Billy Fessler

Current position
- Title: Quarterbacks coach
- Team: Ohio State
- Conference: Big Ten

Biographical details
- Born: August 6, 1995 (age 31) Erie, Pennsylvania, U.S.

Playing career
- 2014–2017: Penn State
- Position: Quarterback

Coaching career (HC unless noted)
- 2018: Slippery Rock (GA)
- 2019: Mississippi State (GA)
- 2020–2021: Ohio State (GA)
- 2022: Akron (QB)
- 2023: Akron (OC/QB)
- 2024: Ohio State (analyst)
- 2024: UCLA (QB)
- 2025–present: Ohio State (QB)

= Billy Fessler =

American football coach (born 1995)

William Gallagher Fessler (born August 6, 1995) is an American college football coach. He is the quarterbacks coach for Ohio State University, a position he has held since 2025. He also coached for Slippery Rock, Mississippi State, and Akron. He played college football for Penn State as a quarterback.

==Early life==
Fessler attended Erie Cathedral Prep in Erie, Pennsylvania. He was a four-year letterwinner in football, completing 199 of 364 passing attempts for 3,606 yards and 47 touchdowns to only 13 interceptions and adding 407 yards and ten touchdowns on the ground. Fessler also won a letter in baseball batting .350 with 10 runs batted in (RBI) in 12 games. He decided to walk on to play college football at Penn State.

==College career==
Fessler was redshirted in his first season at Penn State, and he did not see any playing time in his second season. In his third season, he made his collegiate debut against Indiana as a holder and played in four games that year. In his fourth season, Fessler played in all 13 games, primarily as the holder. However, he got his only career completion to Jonathan Holland for eight yards.

==Coaching career==
Fessler started his coaching career at Slippery Rock as a graduate assistant and running backs coach for one year.
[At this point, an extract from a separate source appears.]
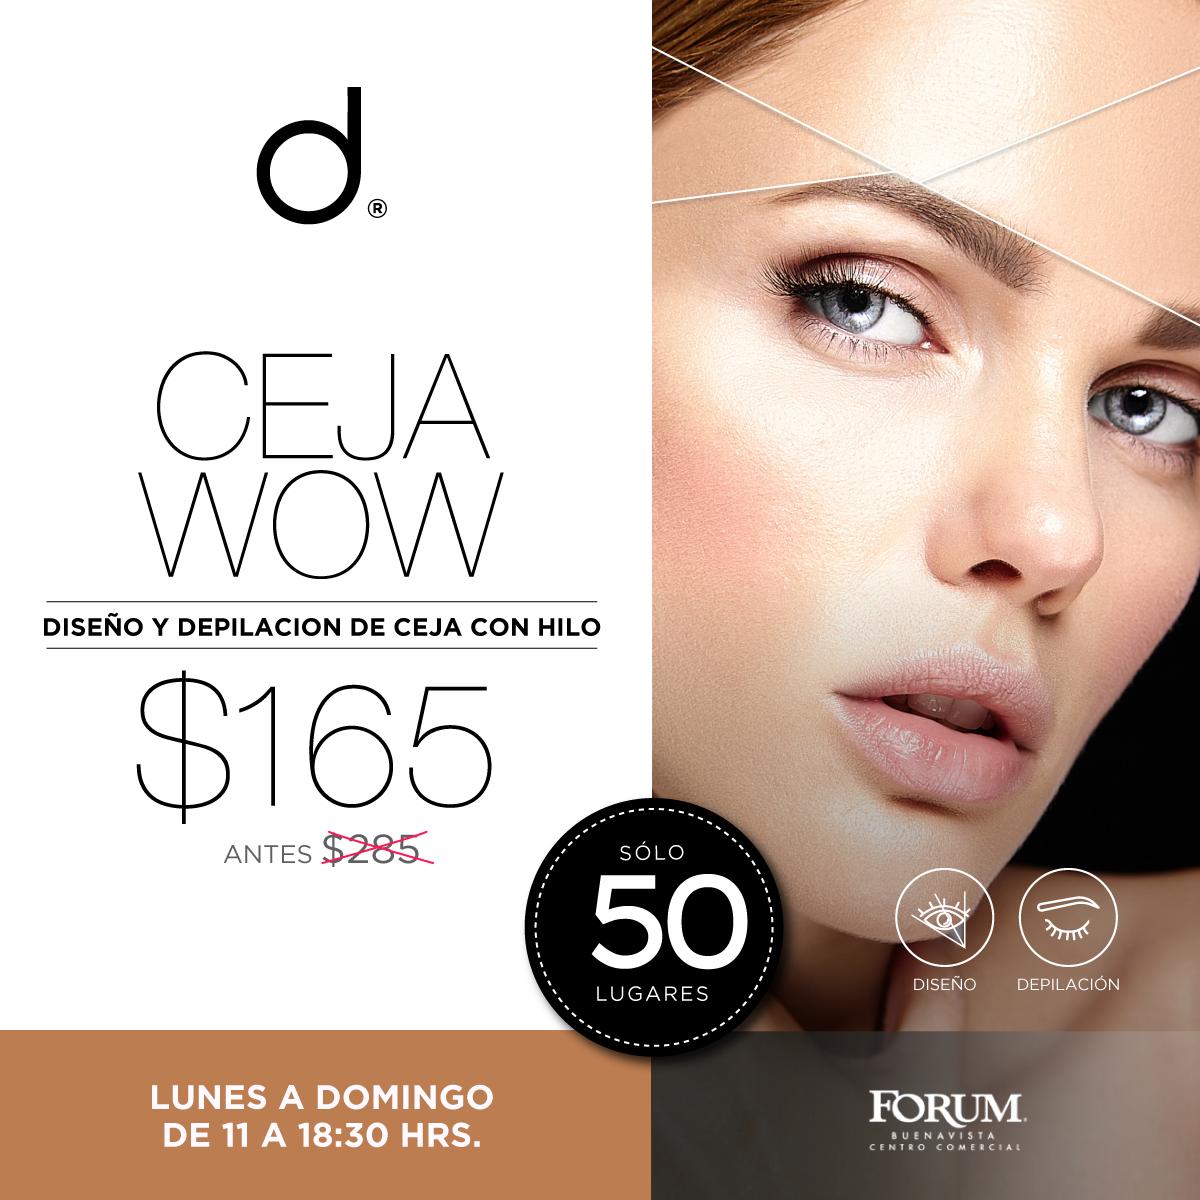 Diseño y depilación de ceja -  Sólo Forum Buenavista&w=900&h=900&fit=crop

From there, he was hired as a graduate assistant for the Mississippi State Bulldogs, where he also coached for one year. Fessler was then hired as an offensive graduate assistant at Ohio State. He coached with the Buckeyes for two seasons, helping them rank at the top of many major passing stats and help the achieve two Heisman Trophy finalists in Justin Fields and C. J. Stroud. Fessler's next coaching job was as the quarterback's coach for the Akron Zips. On January 12, 2023, he was promoted to be Akron's offensive coordinator while still coaching the quarterbacks. On January 10, 2024, Fessler was hired by the UCLA Bruins as the team's quarterback's coach.